Che libro meraviglioso è L’età della luna! Fu pubblicato nello Specchio mondadoriano nel 1962. Leonardo Sinisgalli, che ne è l’autore, aveva allora 54 anni, viveva a Roma e di tanto in tanto si recava a Montemurro, il paese della Lucania dove era nato e che torna spesso nei suoi versi. Era poeta, ingegnere, matematico, curava la pubblicità per Eni e Alitalia. In passato aveva diretto il settore pubblicità della Pirelli e fondato e guidato la rivista di cultura scientifica La civiltà delle macchine.

Leonardo Sinisgalli, in una foto di Federico Patellani

Leonardo Sinisgalli, in una foto di Federico Patellani

L’età della luna è un prosimetro, una raccolta di prose e poesie (ma forse sarebbe meglio dire testi poetici in prosa e testi poetici in versi), scritte tra il 1956 e il ’62. Il testo che apre il libro, Poesia, si compone di un solo rigo (o è un verso?): “L’amore del Poeta è la realtà che egli distrugge”.

Nel corso del libro si parla spesso di poesia, con tono sentenzioso, sorpreso, ironico, divertito. In una prosa che fa parte della sezione L’immobilità dello scriba, Sinisgalli afferma che i critici svolgono “operazioni chirurgiche, alcune assai delicate (…) con la benda davanti alla bocca per arrivare al midollo spinale del povero poeta smidollato”. I critici “cercano la logica nei poeti”, ai quali giova però soprattutto “la loro innocenza”. Sinisgalli confessa: “Il mio sforzo di scrivere versi è stato appunto il disprezzo della mia saggezza”. E poi: “Credo di non sapere ancora quale sia precisamente il mestiere di poeta”.

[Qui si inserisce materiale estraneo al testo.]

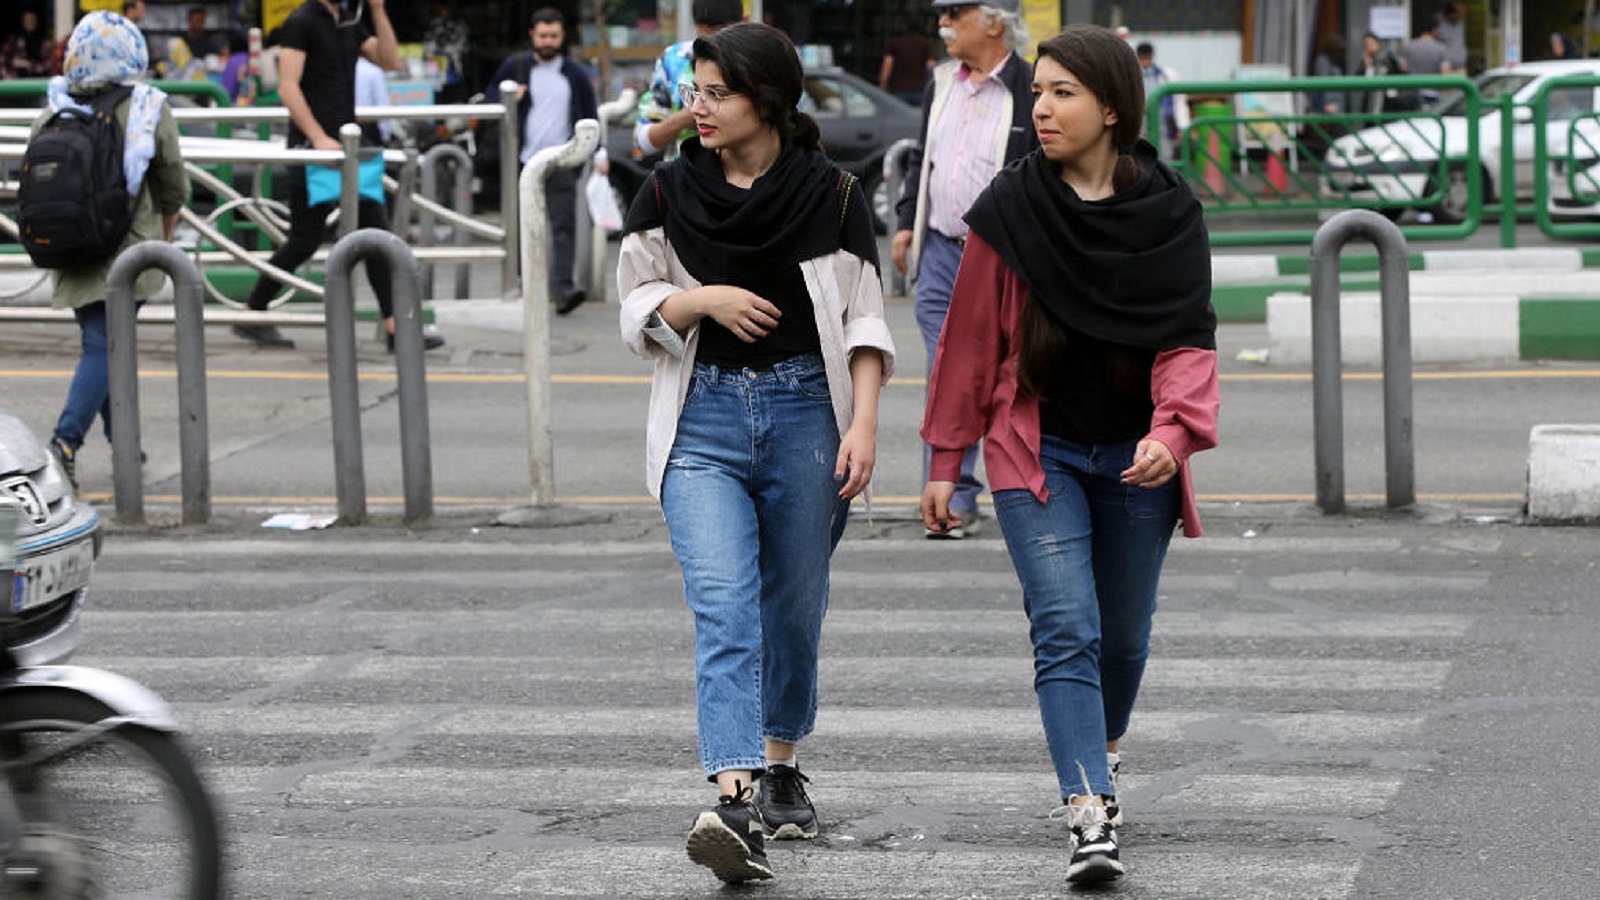 إيران تتجه لتخفيف العقوبة على نزع الحجاب

Disprezzare la propria saggezza può anche significare non predisporre ma raccogliere. Il poeta insomma non si muove convinto verso un punto d’arrivo, verso l’obiettivo programmato, perché non ha un progetto. Non sa nemmeno capire perché il suo discordo sia partito proprio da quel verso, cosa l’abbia indotto a cominciare da lì.

Sinisgalli conclude: “I versi hanno una concatenazione che non si rivela in superficie. Convergono verso un punto che le stratificazioni possono nascondere a qualunque scandaglio, un cuore introvabile”.

Questo non significa che la parola della poesia debba essere oscura per statuto, ma solo che forse il mestiere del poeta, anche del poeta che più nitidamente ci consegna i suoi versi, è quello di rendere introvabile il cuore della poesia, di sapere che se una logica esiste è nascosta sotto le stratificazioni dei versi. Lì, in un luogo che non si rivela, c’è qualcosa che si muove continuamente, che cambia di forma e di colore.

Il mestiere di poeta (non lo dice lo stesso Sinisgalli ad inizio del libro?) è fondato intorno all’atto di distruggere la realtà, anzi intorno alla consapevolezza che, agli occhi di chi la ama, la realtà non può che apparire distrutta: scomposta, baluginante, rarefatta. E il poeta non può che tentare, all’infinito, di ricomporre in unità la parole, per dire la frammentazione della realtà.